This time the question came up about perfect restarts. The option PERFECT_RESTART promises that a run from beginning to end all in one go should match one made with a restart in the middle. With this option, more fields need to be written to the restart field, but were we saving enough? I had done this exercise before for the sea ice model, but not with WET_DRY as well.
The way to test for perfect restarts is to run for some number of timesteps X, save a restart file, run for one more step and save a history file. Then in another directory, copy the first restart file and use it to start at timestep X and run for one step, saving a history file. Now compare the history files with ncdiff and ncview.
What value of X to use? I didn’t try X=1 because ROMS doesn’t get into its default timestep until timestep 3. I therefore started with X=3 and found lots of differences between the two history files.

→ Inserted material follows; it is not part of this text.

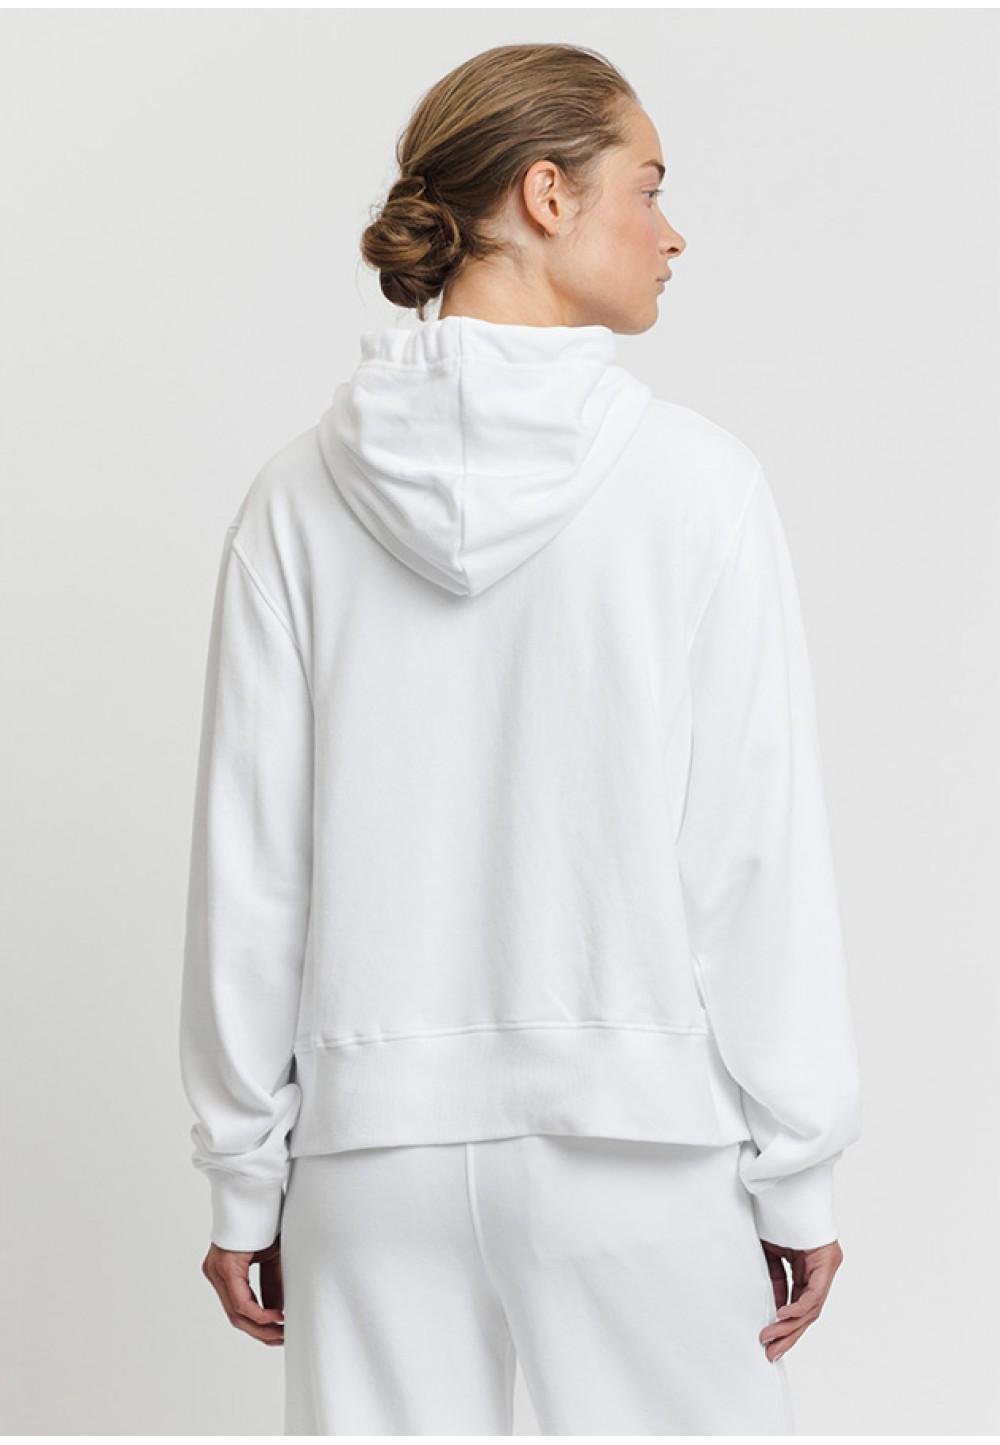 Білий худі з капюшоном на зав'язках

Time to go to a debugger – actually, duelling debuggers. One debugger starts from time 0, the other from step X. To do this, you don’t want to try a large X because then you’d be running all those steps in the debugger for the first debugger window. I found that for X=3, the u and v fields matched perfectly at step X, but the value of nrhs differed. nrhs is used in the computation of W, the vertical velocity. With the vertical velocities mismatched, everything evolved differently.
Rather than fix this, I decided to try again with an even value for X, say X=2. After all, I usually save after an even number of timesteps and I just wanted to see if something else was off. Indeed, the differences were more localized, but there still were differences, especially along the shallow parts where WET_DRY would be involved.
After much digging around, I found two things going on. The first is that the wet-dry masks are computed during initialization and also in calls to wetdry.F from step2d. One needs to make sure that on restart, one either needs to have saved all those masks or to recompute them consistently.
The other source of trouble comes from how ROMS writes out fields to the NetCDF files. Most fields are written with masked areas getting the _FillValue. For WET_DRY, many are being saved with rmask_io, which masks out the dry cells. This can cause a loss of information of the state of the dry cells. For instance, tracer values in the dry cells are timestepped in ROMS, including advection terms if flow happens to be entering a dry cell. If these dry cell tracers are read from masked out values in the restart file, they will be set to zero.
In the end, I didn’t have to save any more fields, but simply to update the mask initialization and to change the masks used in the saving of restart fields. I also found that I had a lingering ice restart bug, also fixed by the writing of restart fields. You might find it to be interesting, so I’ll try to describe it:
- The ice is timestepped before the call to output because it contributes to the computation of surface fluxes.
- For PERFECT_RESTART, I wrote a routine to overwrite surface fluxes from the saved ones in the restart file, skipping the call to seaice on the first restart step.
- I found a mismatch at one lone point next to a land mask (not near the WET_DRY cells though).
- The mismatch stemmed from the computation of the vertical mixing (GLS_MIXING) near the surface.
- Near-surface mixing gets a contribution from the surface stresses.
- The stresses are averaged from velocity points to rho points.
- On restart, the stresses were set to zero for the velocity points at the land-sea mask boundary.
- Turning off the masking while writing the stresses fixed this restart issue.
One more thing: ROMS has some funny features with the writing of history files. If you run for X steps, asking for a history save at step X+1, you won’t get any history file at all. Then on restart, it will complain that it can’t find one and fail.
If you run for X+1 steps, asking for a history record at step X+1, you will get one record for the initial conditions, one for time X+1. For my runs, I ask for one file per record.
If you restart from step X, giving it a history file to build on, it will save to the first file. I then need to compare file 0002 from one run with file 0001 from the other run.